圖4 煤樣不同介質壓裂后圖像Fig.4 Images of coal sample after fracturing with hydraulic,liquid CO2 and supercritical CO2
煤樣壓裂后主裂縫的長度普遍較長,部分可擴展至試樣界面,甚至直接破裂。文虎等[34]的現場試驗結果更是表明,液態CO2壓裂后的裂縫半長是水力壓裂的2倍左右,可達10~20 m;而王磊等[32]的實驗結果表明,水力壓裂后裂縫的寬度大部分位于0.45~0.85 mm之間,而超臨界CO2壓裂后表面裂縫寬度主要集中在0.05~0.45 mm之間。
煤樣壓裂后衍生裂隙發育程度及延展性變化規律與巖樣相似,且隨水平應力差改變呈現出較大的差異性影響。圖5為4 MPa水平應力差條件下(14 MPa、16 MPa、12 MPa),煤樣水、超臨界CO2壓裂后垂直層理面圖像[32]。可以看出,水力壓裂后生成的次生裂縫數量較多(圖5(a));超臨界CO2壓裂后生成的層理裂縫數量較多且延展性較好,可擴展至試樣界面(圖5(b));次生裂縫數量略少,且延展性不及層理裂縫,未能擴展至試樣界面(圖5(c))。因此,在較小水平應力差條件下,煤樣超臨界CO2壓裂后衍生裂隙發育程度較高,且層理裂縫的延展性優于次生裂縫。這主要是由于在較小水平應力差條件下,層理弱面存在對衍生裂縫的形成起決定性作用。而超臨界CO2流體擴散性能優于水,壓裂時會優先沿著層理弱面性較大的裂縫進行滲流,形成更多延展性較好的層理裂縫。

圖5 煤樣4 MPa水平應力差條件下垂直層理面圖像Fig.5 Images of vertical bedding plane under the conditionof 4 MPa horizontal stress difference of coal sample
圖6為6 MPa水平應力差條件下(14 MPa/16 MPa/10 MPa),煤樣水、超臨界CO2壓裂后垂直層理面圖像[32]。
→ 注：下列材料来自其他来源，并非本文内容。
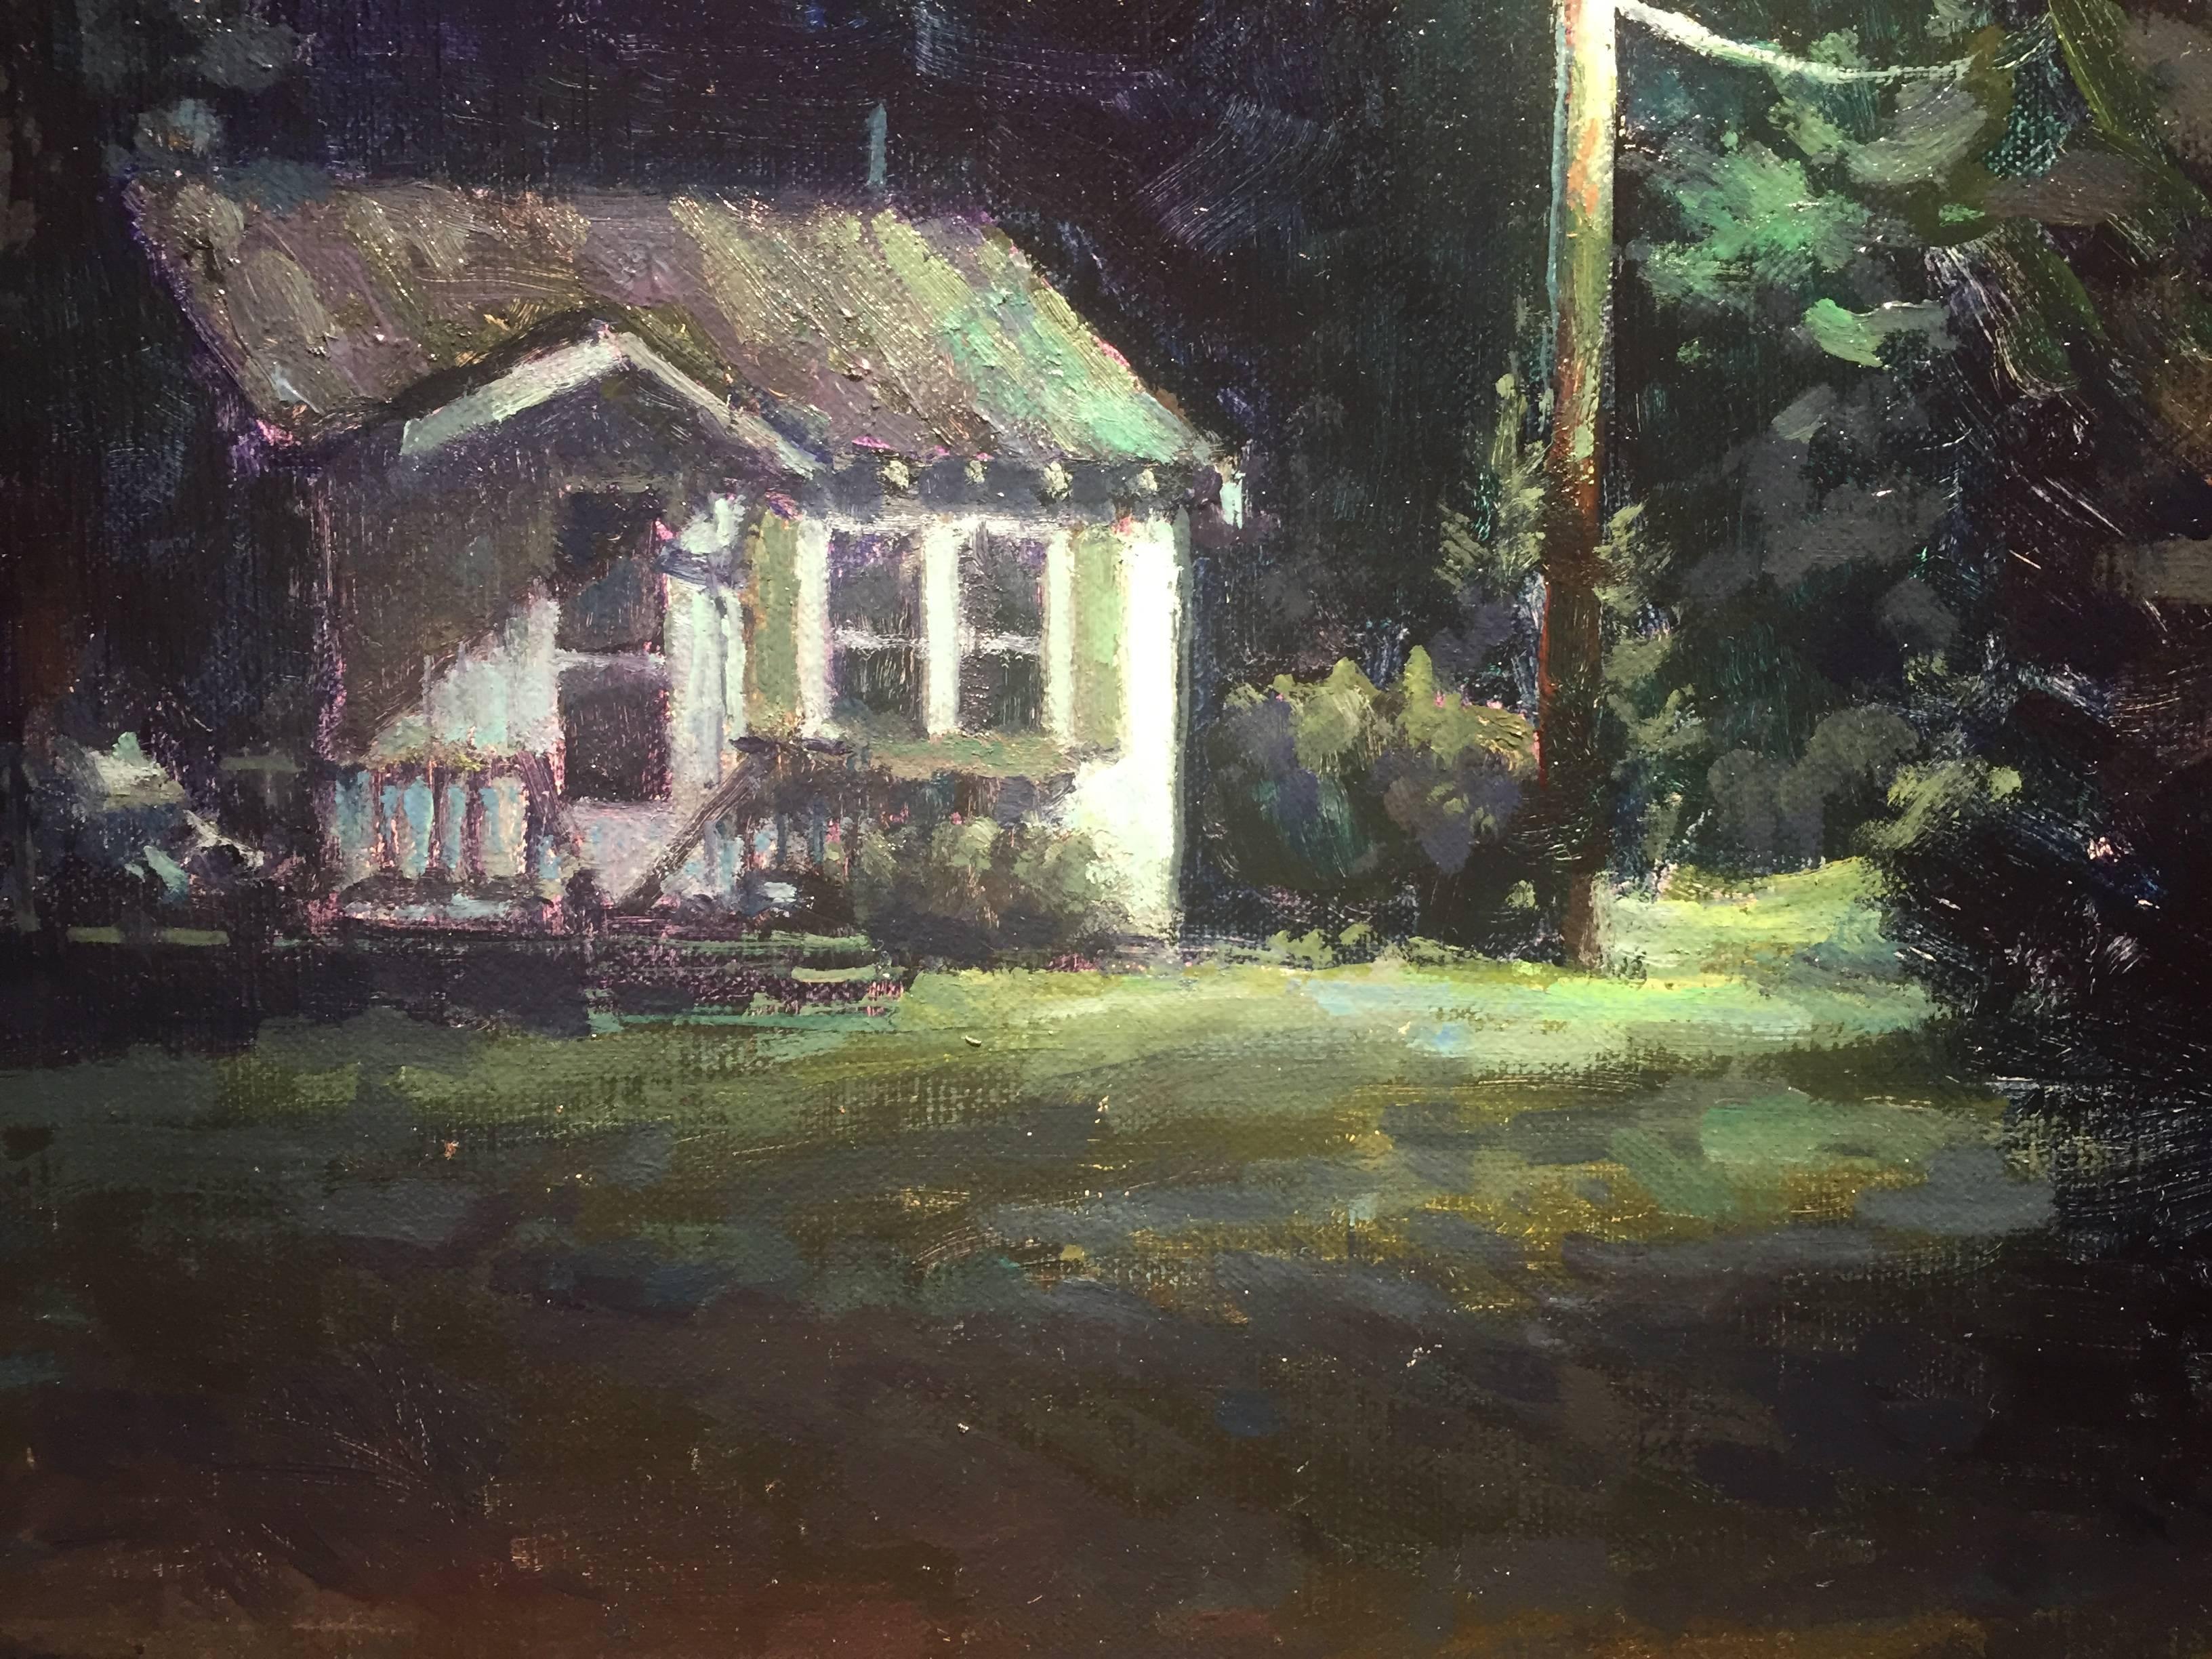 Painted en plein-air, at night. A small white house stands illuminated by an adjacent street-light. A thick dab of white paint creates an illusion of a distant light, so bright it reveals the region around it. A hue of green glistens off every inch

可以看出,隨著水平應力差的增大,水力壓裂及超臨界CO2壓裂后衍生裂縫發育程度均有所下降,主裂縫延伸過程中只形成少量次生裂縫,且次生裂縫的延展性較差。因此,煤樣低水平應力差條件下衍生裂隙的發育程度較高、延展性較好,更易于形成的復雜裂縫網絡。隨著水平應力差的增大,衍生裂縫數量逐漸減少,延展性變差。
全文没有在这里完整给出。